Over the ensuing 16 years, Graber, an assistant professor of English who teaches in the creative writing program at VCU, has enjoyed a remarkable rise in her chosen pursuit. She has received an M.F.A. from New York University, held prestigious fellowships, seen her work published in the New Yorker and the American Poetry Review, among other places, and written two books. Earlier this month, she was named one of five finalists for the National Book Award in the poetry category for her second collection, “The Eternal City,” which was published this year by the Princeton University Press.

Graber said she was “completely stunned” to learn of the National Book Award recognition. Other poetry finalists include Terrance Hayes (“Lighthead”), James Richardson (“By the Numbers”), C.D. Wright (“One with Others”) and Monica Youn (“Ignatz”).

“I’m still sort of out of my life in some weird way,” Graber said. “It feels as though it’s happening to somebody else. I think about the esteem with which I hold the other finalists. To even just be in that category and to be taken seriously is very exciting and wonderful.”

Graber said the honor is another in a series of events that she never would have envisioned when she decided to take up poetry.

“I’ve exceeded my every expectation,” she said. “I’d exceeded my expectations way before this happened.”

David Wojahn, a professor of English at VCU, whose last collection of poems, “Interrogation Palace,” was a finalist for the Pulitzer Prize in 2007, said Graber’s honor is especially impressive because it was bestowed on just her second book. Authors recognized for the National Book Awards typically are further along in their careers, Wojahn said, and Graber’s selection is “pretty extraordinary.”

Following her epiphany at the Dodge Poetry Festival, Graber approached poetry with the zeal of the converted. She enrolled in several community-based poetry workshops that helped her hone her new craft, and she took workshops as a non-matriculating student with Pulitzer Prize-winning poet Stephen Dunn at Richard Stockton College. With the aid of a recommendation from Dunn, Graber then enrolled at New York University, eventually earning an M.F.A. degree.

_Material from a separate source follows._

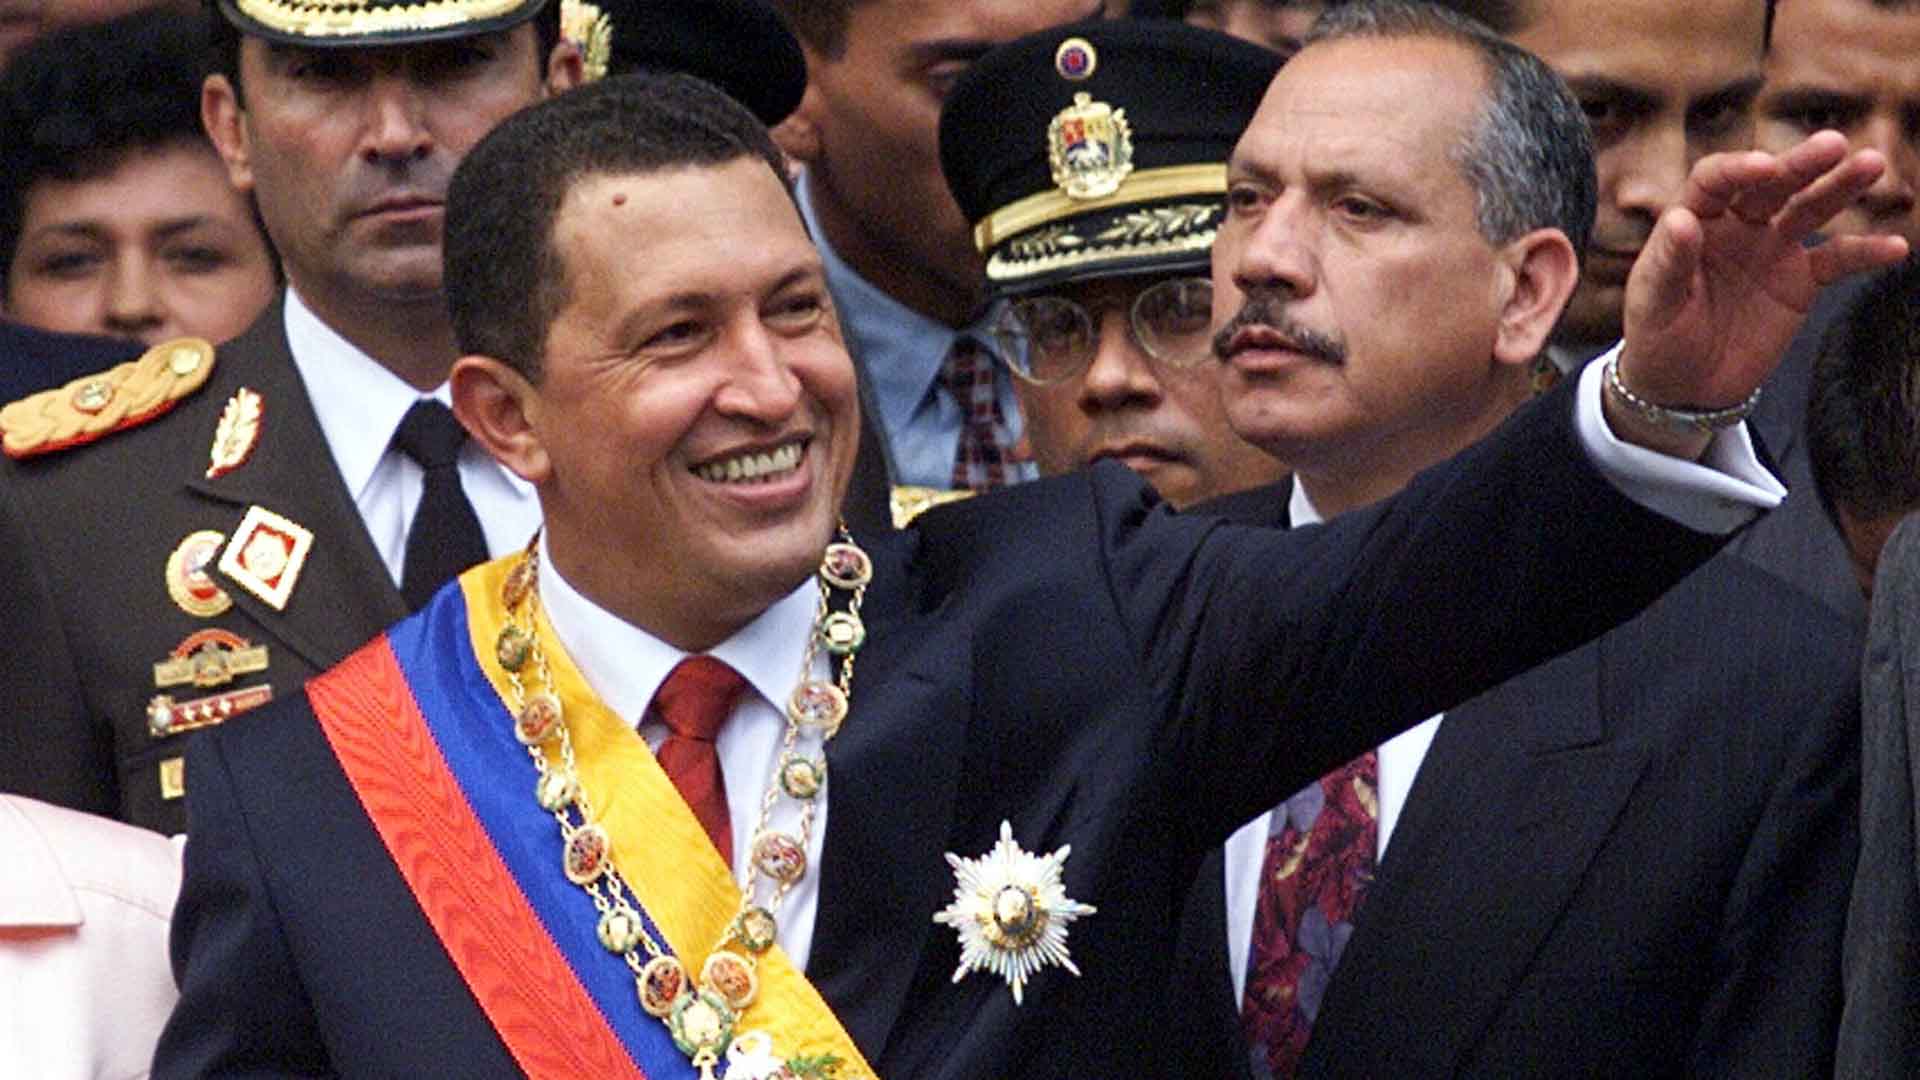 La Audiencia Nacional accede a extraditar al guardaespaldas de Chávez reclamado por blanqueo de capitales

In the years after graduate school, Graber received several fellowships, including the Hodder Fellowship in Creative Writing at Princeton University and the Amy Lowell Traveling Scholarship. While at Princeton, Graber gave a reading from her work that attracted the attention of Paul Muldoon, a professor at the university who is widely viewed as one of the most important living poets. Muldoon was impressed and told Graber that he was hoping to revive the Princeton Series of Contemporary Poets, a series of poetry books that had been on hiatus for years, and he thought she might be a good fit for it.

The two remained in touch and last year Graber sent Muldoon a manuscript of “The Eternal City.” He told her the work was just what he was hoping for, and he selected the book to re-launch the series, which is published by Princeton University Press.

“They were great to work with,” Graber said. “And the book looks beautiful.”

Wojahn said Graber’s poetry manages to be both deeply personal and deeply philosophical, dealing with “some of the larger questions of how we wrestle with contemporary reality” while remaining grounded in personal observances. The result, he said, is poetry containing “gravity and authenticity and authority.”

“She’s the real deal,” Wojahn said.

Graber joined the VCU faculty in 2008, drawn in part by the presence of Wojahn and the university’s history with Larry Levis, who taught at VCU for six years before his death in 1996. Graber said Wojahn is a role model for her as both a poet and a teacher – “a big part of my being so eager to come to VCU is that I could work with someone I admire in so many different ways” – while Levis “is one of the most important poets for me in terms of influence,” Graber said. She also cited her respect for Greg Donovan, a poet and professor of English at VCU, and the cutting-edge work he has done developing Blackbird, the university’s literary journal, into a benchmark for online literary publications.

Wojahn said Graber has been a great fit for the university.

“She’s a fabulous teacher, very dedicated to her students, and she’s an equally fabulous writer,” Wojahn said. “She’s brought a lot to VCU.”